Gus Uhlenbeek

Personal information
- Full name: Gustaaf Reinier Uhlenbeek
- Place of birth: Paramaribo, Suriname
- Position: Right back

Senior career*
- Years: Team / Apps / (Gls)
- 1990–1992: Ajax / 2 / (0)
- 1992–1994: Cambuur / 39 / (0)
- 1994–1995: TOP Oss / 22 / (3)
- 1995–1998: Ipswich Town / 94 / (4)
- 1998–2000: Fulham / 39 / (1)
- 2000–2002: Sheffield United / 50 / (0)
- 2002: → Walsall (loan) / 5 / (0)
- 2002–2003: Bradford City / 42 / (1)
- 2003–2004: Chesterfield / 37 / (0)
- 2004–2005: Wycombe Wanderers / 42 / (4)
- 2005–2006: Mansfield Town / 40 / (2)
- 2006–2007: Halifax Town / 30 / (3)
- Total:  / 442 / (18)

= Gus Uhlenbeek =

Dutch footballer (born 1970)

Gustaaf (Gus / Guus) Reinier Uhlenbeek (born 20 August 1970) is a Dutch former footballer. He was born in Paramaribo in the former Dutch colony Suriname, but grew up in Amsterdam. Uhlenbeek spent more than a decade in English football, and was released by Halifax Town at the end of the 2006–07 season.

==Career==
Uhlenbeek plays on the right side of midfield, or as a right-back. He began his career at Ajax, but only played twice for the first team and left the club in 1992. He later played first division football for Cambuur and TOP Oss, before joining English side Ipswich in 1995.
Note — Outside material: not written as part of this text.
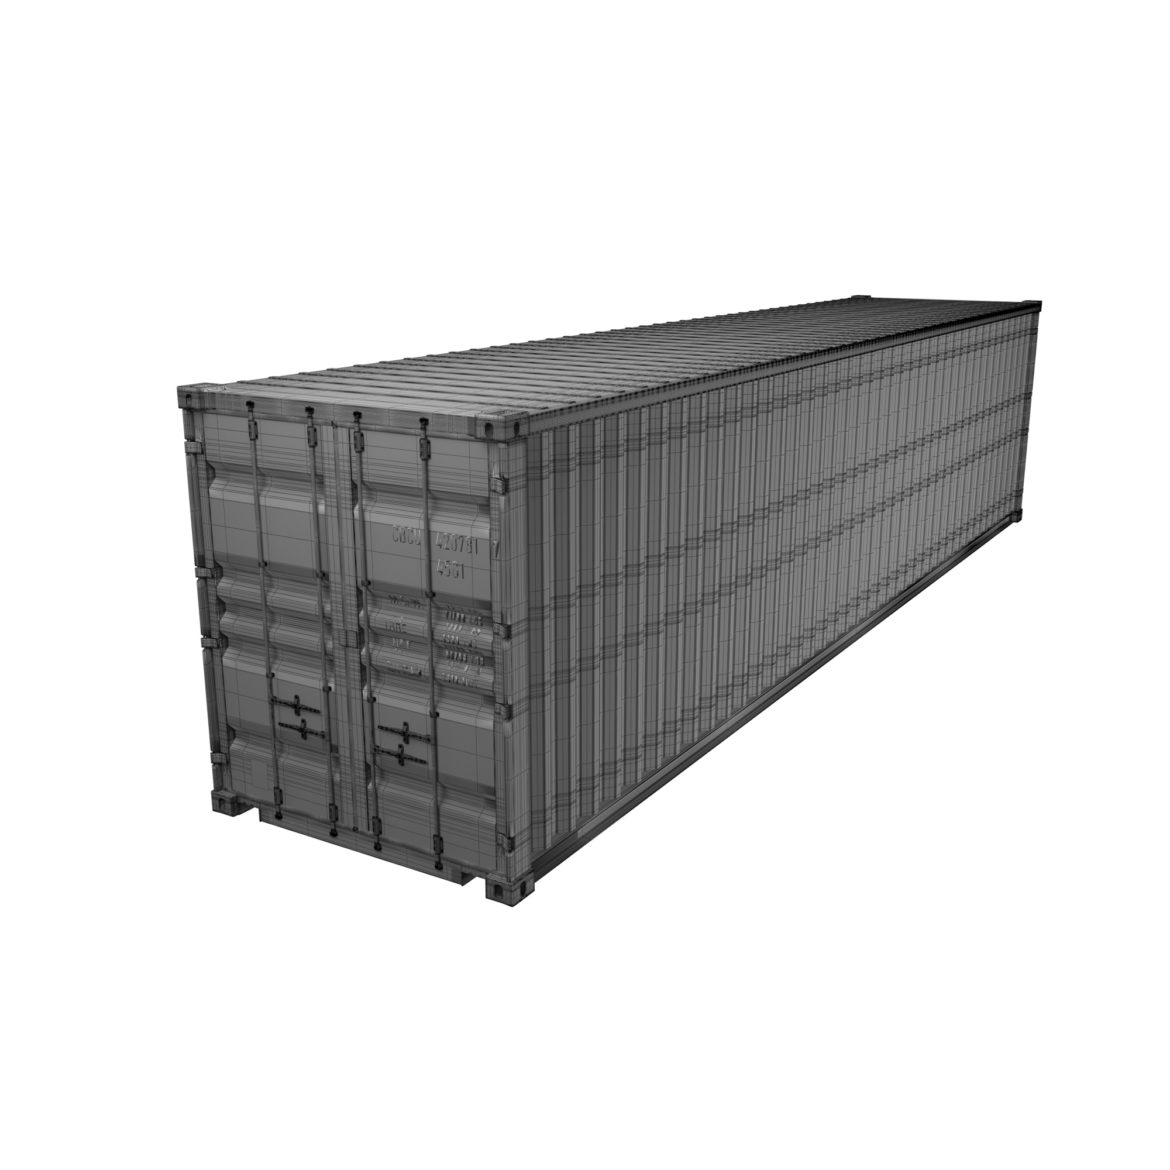  <a class="continue" href="https://www.flatpyramid.com/3d-models/architecture-3d-models/objects/container/shipping-containers-20ft-and-40-ft-high-cube/">Continue Reading<span> Shipping Containers-20ft and 40 ft High Cube</span></a>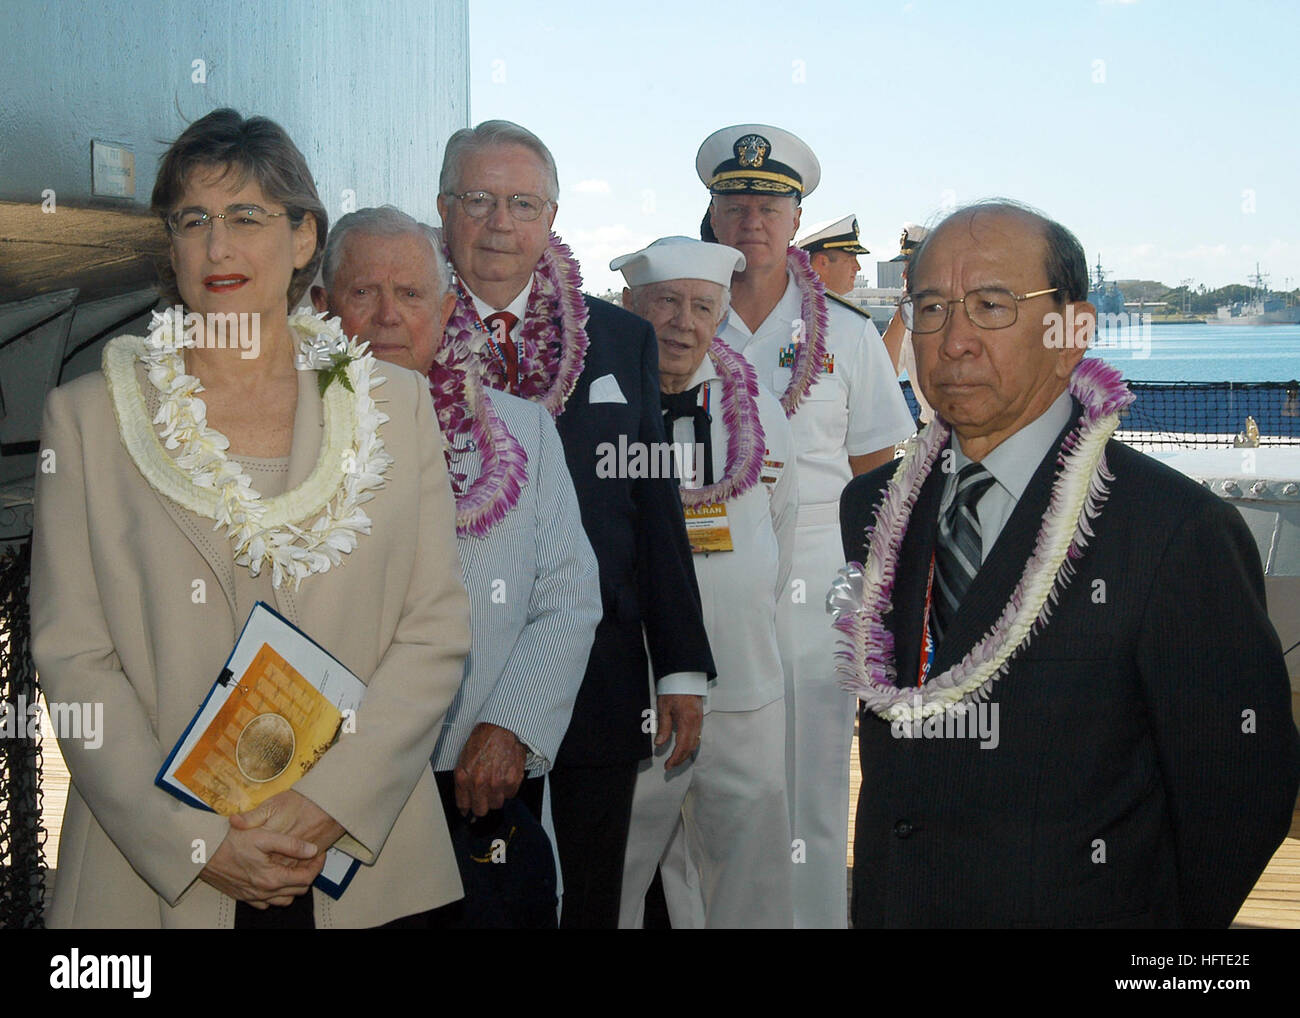 050902-N-6775N-096 Pearl Harbor, Hawaii (Sept. 2, 2005) - Members of the official party, including Hawaii Gov. Linda Lingle, prepare to enter the ceremonial stage prior to the start of the 60th Anniversary of the end of World War II held aboard the USS Missouri Memorial. The event, which included more than 2,500 military personnel, veterans and invited guests, commemorated Japan’s formal surrender and included a missing man fly-over of F-16s by the Hawaii National Guard, a U.S. Marine Corps rifle salute and remarks by U.S. Pacific Fleet Commander, Adm. Gary Roughead. U.S. Navy photo by Photogr Stock Photo

In his first two seasons at Portman Road, Uhlenbeek was a regular, but he lost his place in the team, and joined Fulham in 1998. After two years at Fulham and one goal against Wrexham, he joined Sheffield United in 2000. He spent two seasons at Bramall Lane, where he gained something of a cult status, before later playing for Walsall, Bradford City (scoring once against Rotherham), Chesterfield and Wycombe Wanderers. After being released by Wycombe in the summer of 2005, he joined Mansfield Town.

Uhlenbeek had a fine but somewhat inconsistent season at Mansfield, where he was one of the few veterans in an otherwise very young team. His contract expired at the end of the 2005–06 season, and Uhlenbeek was subsequently released. After his release, he joined Halifax Town, where he spent a year.